Although cats have been a long-time pet animal, companion and entertainer of humans, very little is known about the structure and biology of their reproductive system. To date, research on feline reproduction has mainly focused on gamete biology, endocrinology and cryobiology. Thus, molecular factors localized to the feline reproductive organs, feline reproductive endocrinology and pre- and post-pubertal molecular mechanisms of the male domestic cat are topics that receive considerable academic attention [[18], [19], [20]]. The availability of scientific data on the functions of the reproductive system of the male cat is important because it serves as a model for the investigation of the structure and physiology of the reproductive system of other felids.
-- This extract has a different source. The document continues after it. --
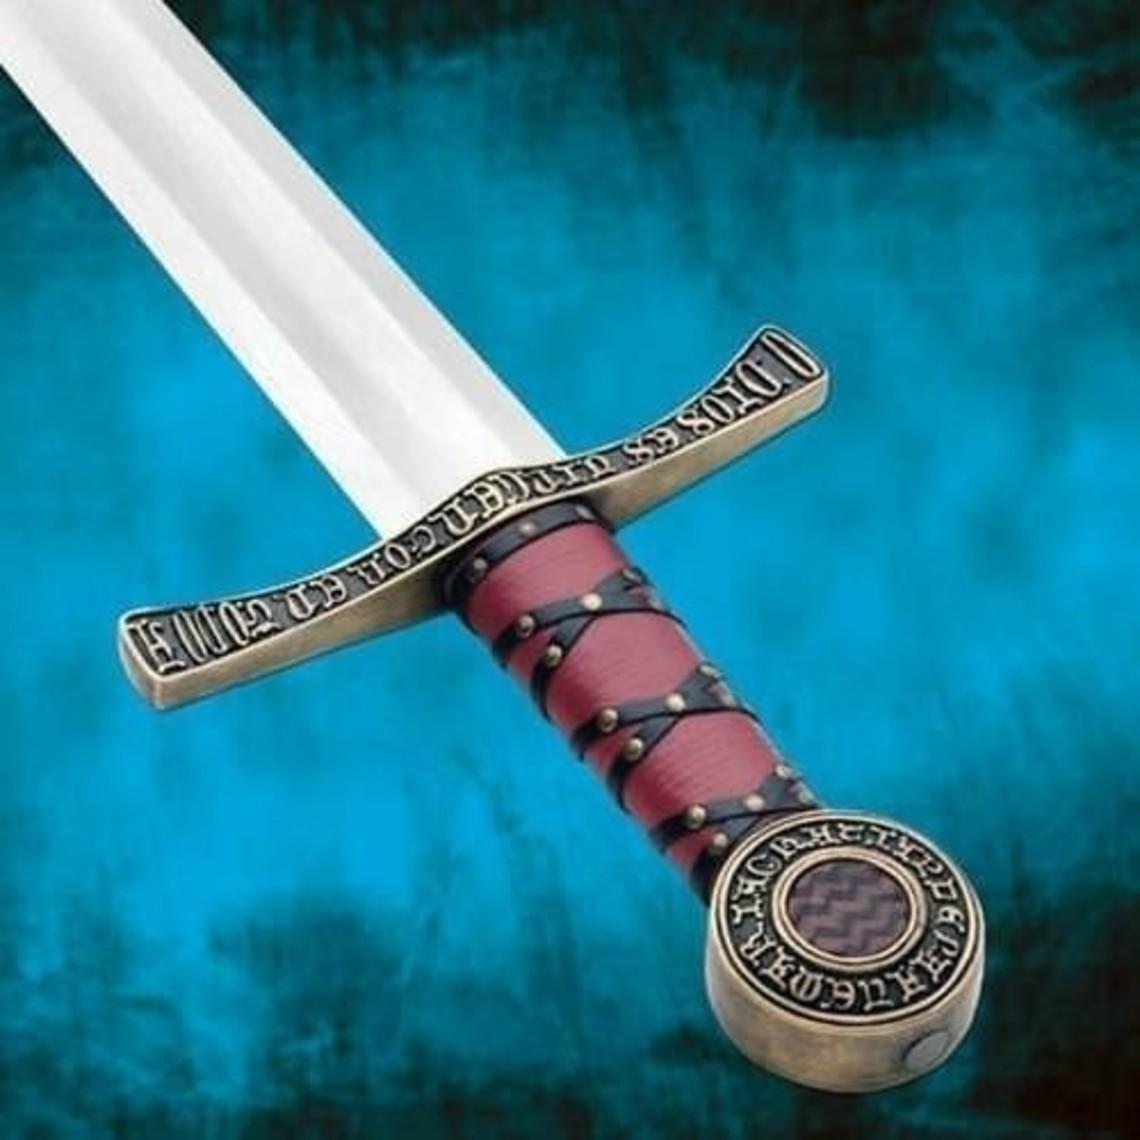 Windlass Steelcrafts Mittelalterliche Klinge Madrid Oakeshotts XII
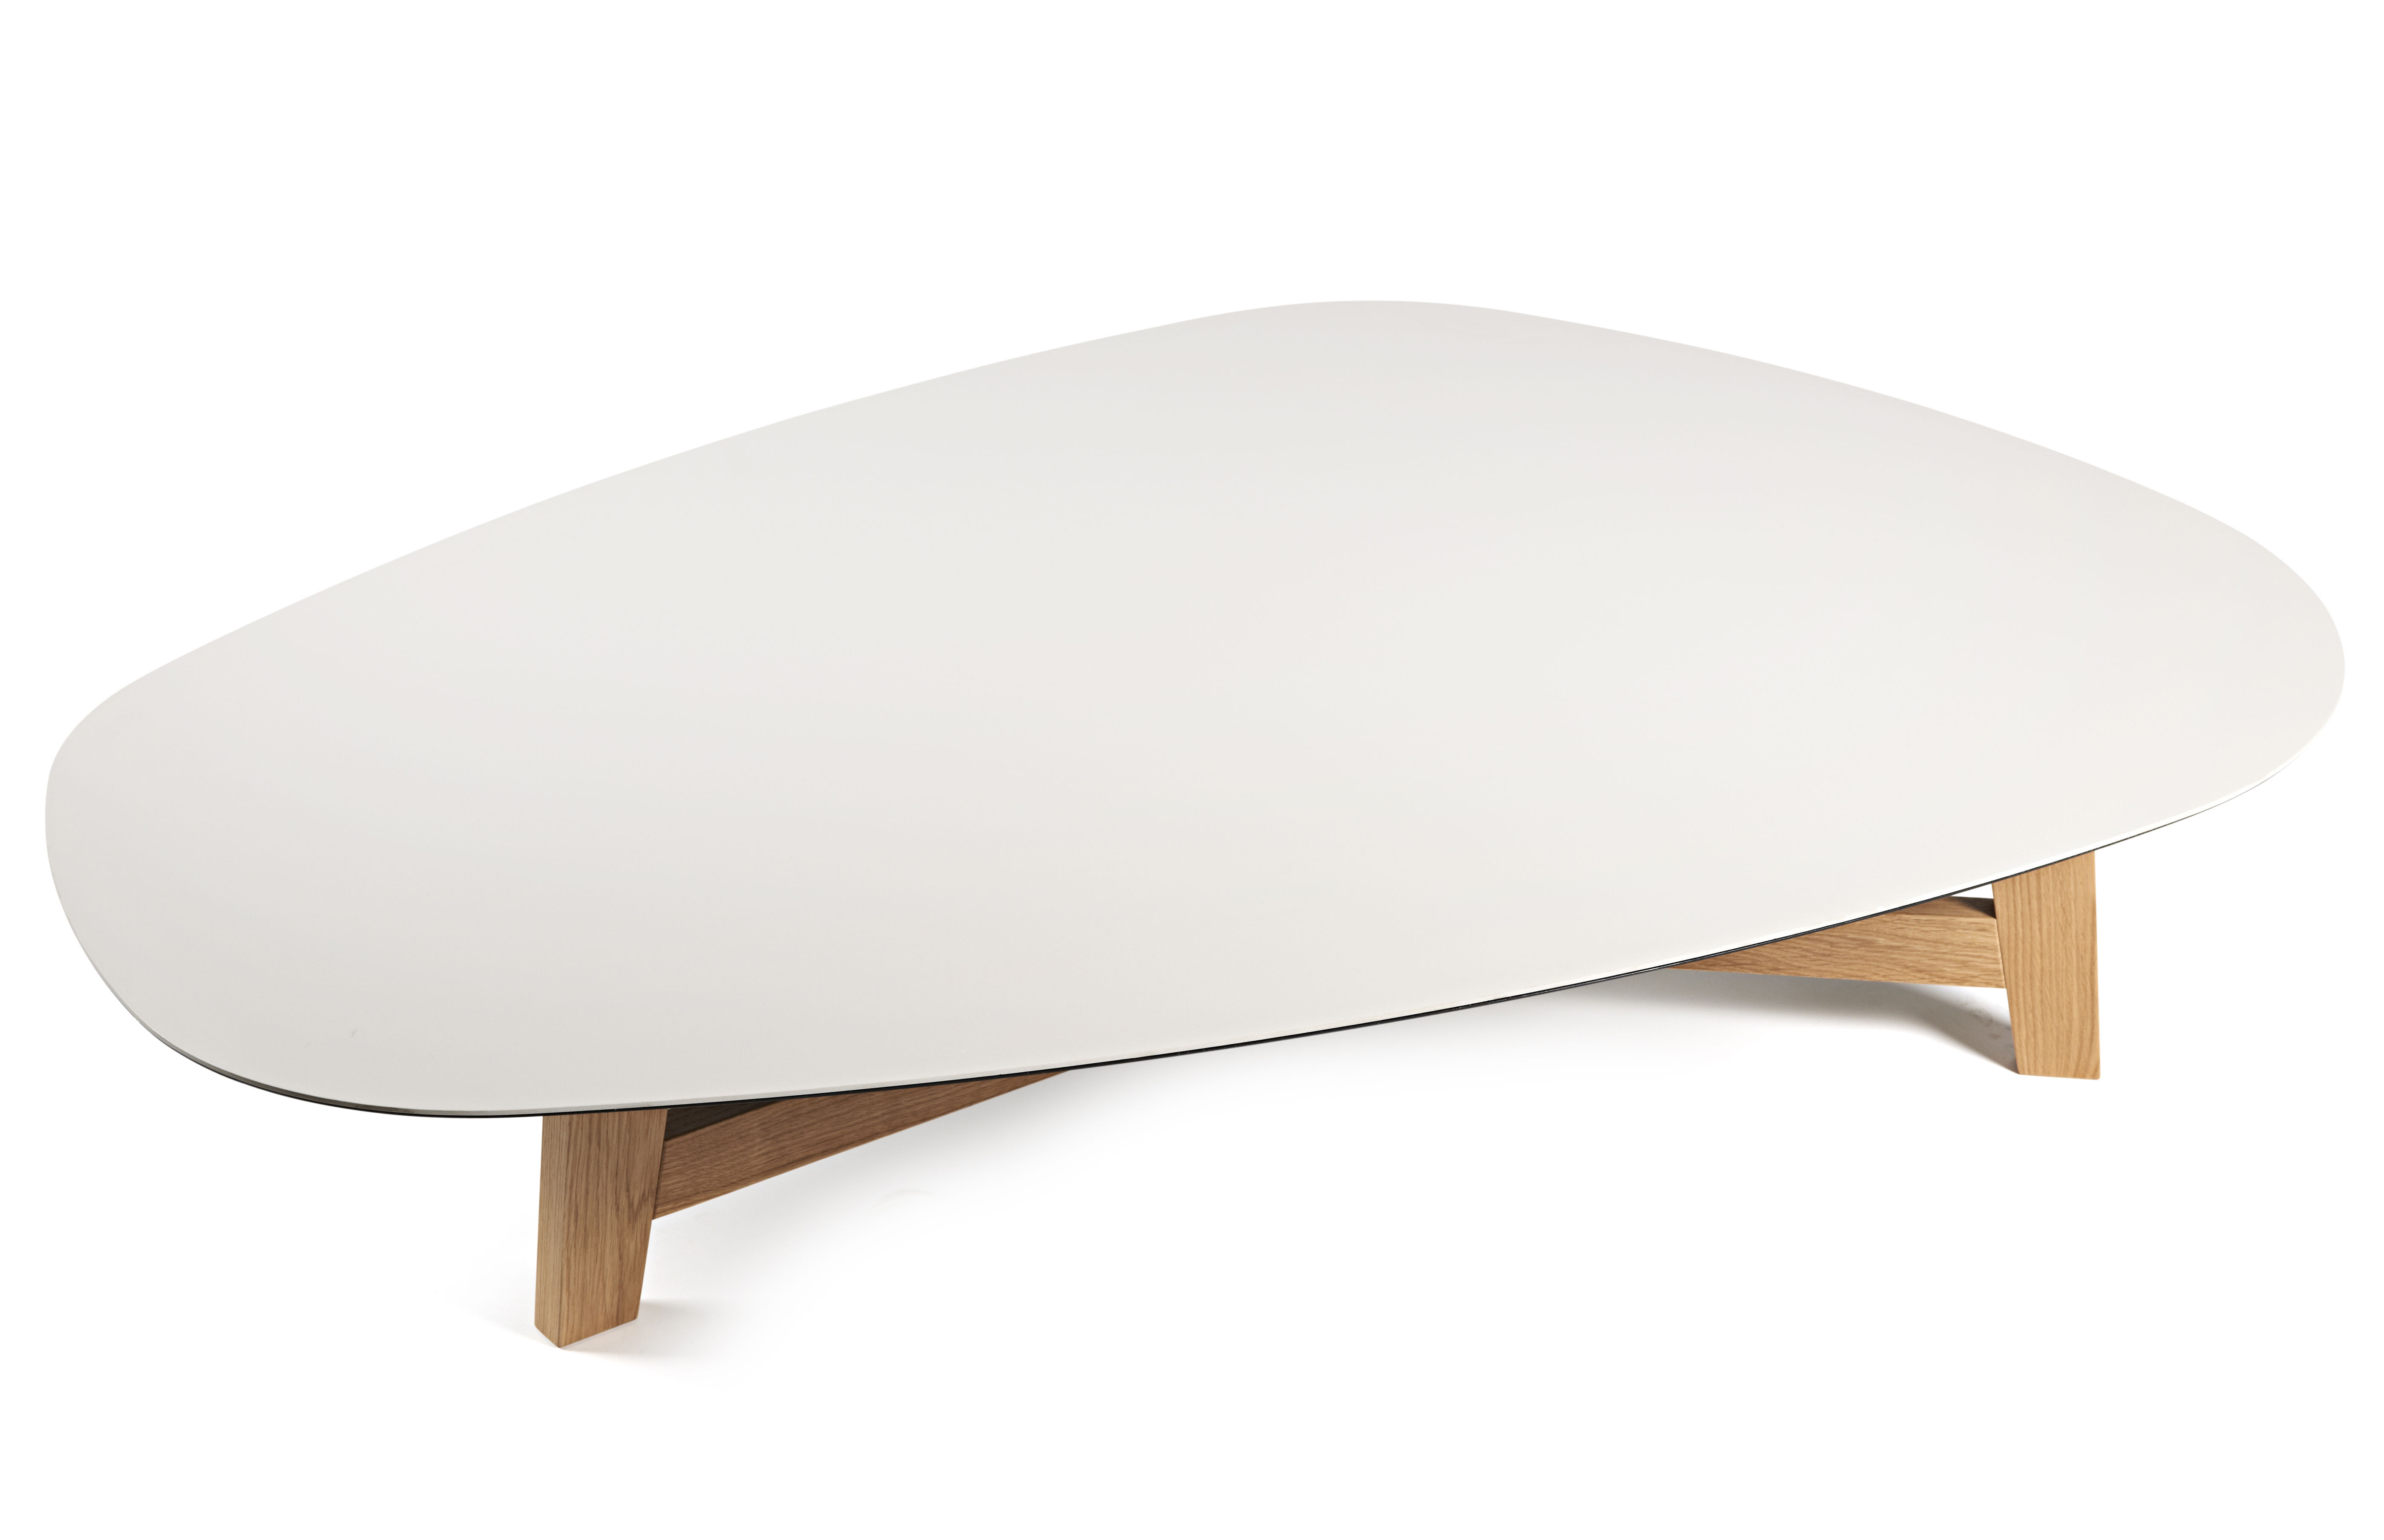 table basse t phoenix grand plateau pied ch ne plateau. Black Bedroom Furniture Sets. Home Design Ideas

Given that certain wild felids and domestic cat breeds are endangered, research on the common cat provides an understanding of the expression and localization of molecular factors in the reproductive system of all felids [21]. Research has shown the involvement of intermediary filaments in cell migration, cell division and the organization of cell organelles during the different phases of spermatogenesis [22], as well as in the maintenance of the morphology of spermatogonia and the fixation of differentiated Sertoli and germinal cells to the epithelium lining the seminiferous tubules [[23], [24], [25]]. Furthermore, it has been reported that actin filaments are also effective on some spermatogenic cells of the seminiferous epithelium, Sertoli cells and peritubular myoid cells [26]. Based on this data set, the present study was designed to determine periodical differences in the localization and distribution of the proteins actin, vimentin, desmin and CK-18 in the testes, epididymides and ductus deferentes of Persian and Turkish Angora and Van cats during the pre-pubertal and post-pubertal periods by immunohistochemistry, and to ascertain the potential roles of these proteins in the reproductive physiology of male cats.